Given the case, the intersection ‘amount’ per triangle is larger relative to a facet versus the others - as I now mark below, where a single triangle meets two facets but with the area marked green intersecting a facet more than the area marked red intersecting the adjacent facet:
Hoping that explains it well enough - where I need your help is on how to sort said triangles according to the facet they intersect with the most. How would you go about it?
*One thought is going ‘by plane’ (facet plane) using an endpoint at one edge of each triangle gusset.
I’m attaching a simplified part of the file: buckypuzzle.gh (227.0 KB)
not sure I have understood the problem correctly… what I got is to identify which triangle belongs to which facet, considering that for a triangle to belong to a facet its longest bottom-edge should lie on the facet itself (so we can just plainly ignore its shortest in case a triangle has more than one bottom edge)
if that is right, I would do something like this, I believe the only external component is create tree from elefront… but anything that creates branches based on a list of integers to indicate which branch the items should be assigned to should work?
it measures the closest distance-point between the center point of the longest bottom-edge of each triangle, and each facet, so for each triangle you get a list of distances among which only ones says 0 (well… it says “very little” )
then with item index you retrieve the index of that distance (which is equal to the index of the facet it belongs to) and assign each triangle to that branch
Ok @inno, thank you once more - you’ve taught me some tricks lately and I’m grateful! I have checked what you’ve done and it is what I was after.
Right, I couldn’t have worded it like you did, thank you - I’m curious about this and now I must go through the {new} challenge of figuring it out without elefront (nothing against the plug-in, just need to make sure I achieve it natively as well). A quick first look into things points at using ReplacePaths, smilar to what’s discussed here I think?
Let me know where I can send you money for a beer or a coffee!
Especially for making you work as I’ve taken another approach! I wish I could give you multiple ‘solution’ checkmarks still for your work and teachings.
Long story short:
Studying the system made me realize a more effective way to order these parts based on which direction they face as opposed to how much they intersect – this means that if the triangle “faces” the facet, then it belongs to that facet; and to solve that I use Plane Coordinates.
While the previous goal sounded smarter relative to intersections, I believe this new goal will facilitate the assembly process in the shop relative to labels and perception versus human error.
@Inno, sorry to bug you again with this unfinishable zombie project but I’m confused - can you give me some pointers with a new issue? I could have asked on the other related thread but I would have annoyed more people with the notifications.

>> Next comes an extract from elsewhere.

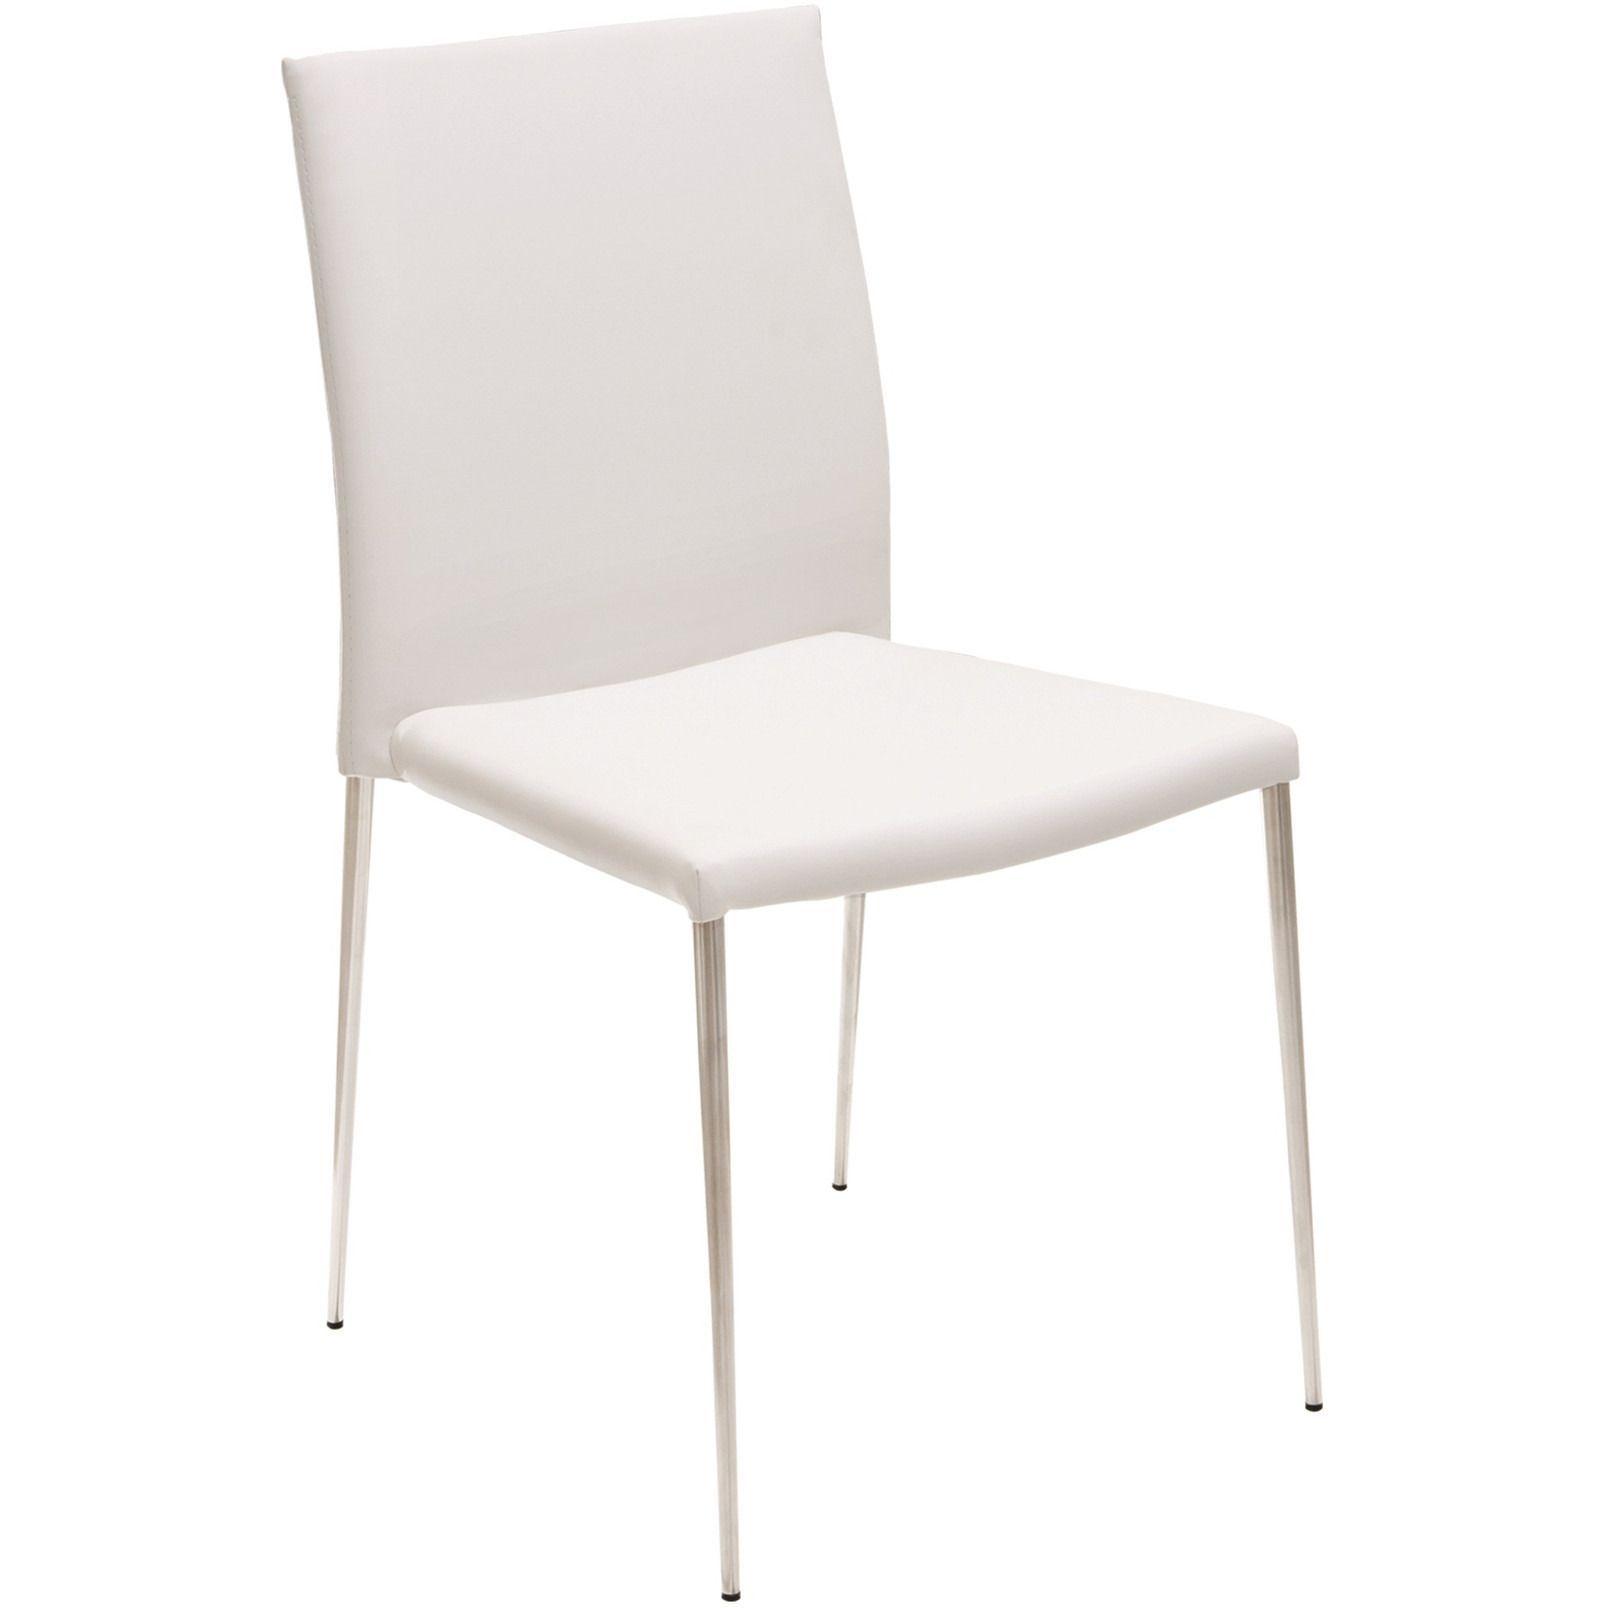 Casabianca Aldo Leather TC-181-G Dining Chair

Long-story short, now I have two parts (triangles) per brep edge:
Each part has a number (label) based on the order of these brep edges - if the edge number is “1”, then the two parts adjacent to it are labeled “1”, for edge “2”, parts are labeled “2”, and so on:
The issue is that now I need to re-associate these labeled parts to the brep face they are on so that the brep faces can also have the corresponding label on them - this means that on each brep face you would see number labels next to the face edges, but each number label is also on the other brep face adjacent to the edge. LoL, it’s a tongue-breaker and my brain is equally broken. I feel like I have it but I don’t, it’s a brep topology issue which I know you’re good at. Let me know if I need to explain this better, though I’m not sure I can - just grabbing screenshots is difficult because everything else gets in the way…
The association of labels on each face, per edge, would look something like this:
Does this make any sense?
There are only 18 faces, so I should end up with 18 groups of labels, but these labels correspond to the adjacent brep edge, not to the face index.
pull each point to each face, with faces grafted, in such a way you can use the Distance list to filter what’s actually on that face (Distance < 0.001) and what is not
you get a list of True / False where True are items actually lying on the Brep Face, and use Member index to retrieve their index from the original list
I put new text tag just to cross-check the points numbers were correct despite the new sorting, and all looks right
the stupid polyline thing also helps a lot to visually see what is in each branch (each polyline should hover on one Brep Face)
as things are now, the Path of each list of points indicates the index of the Brep Face on which the points are, like:
It is!! 'Bears all the weight (literally) and all instructions to assemble the rest of the sculpture - I look forward to sharing that when it’s completed, so crazy!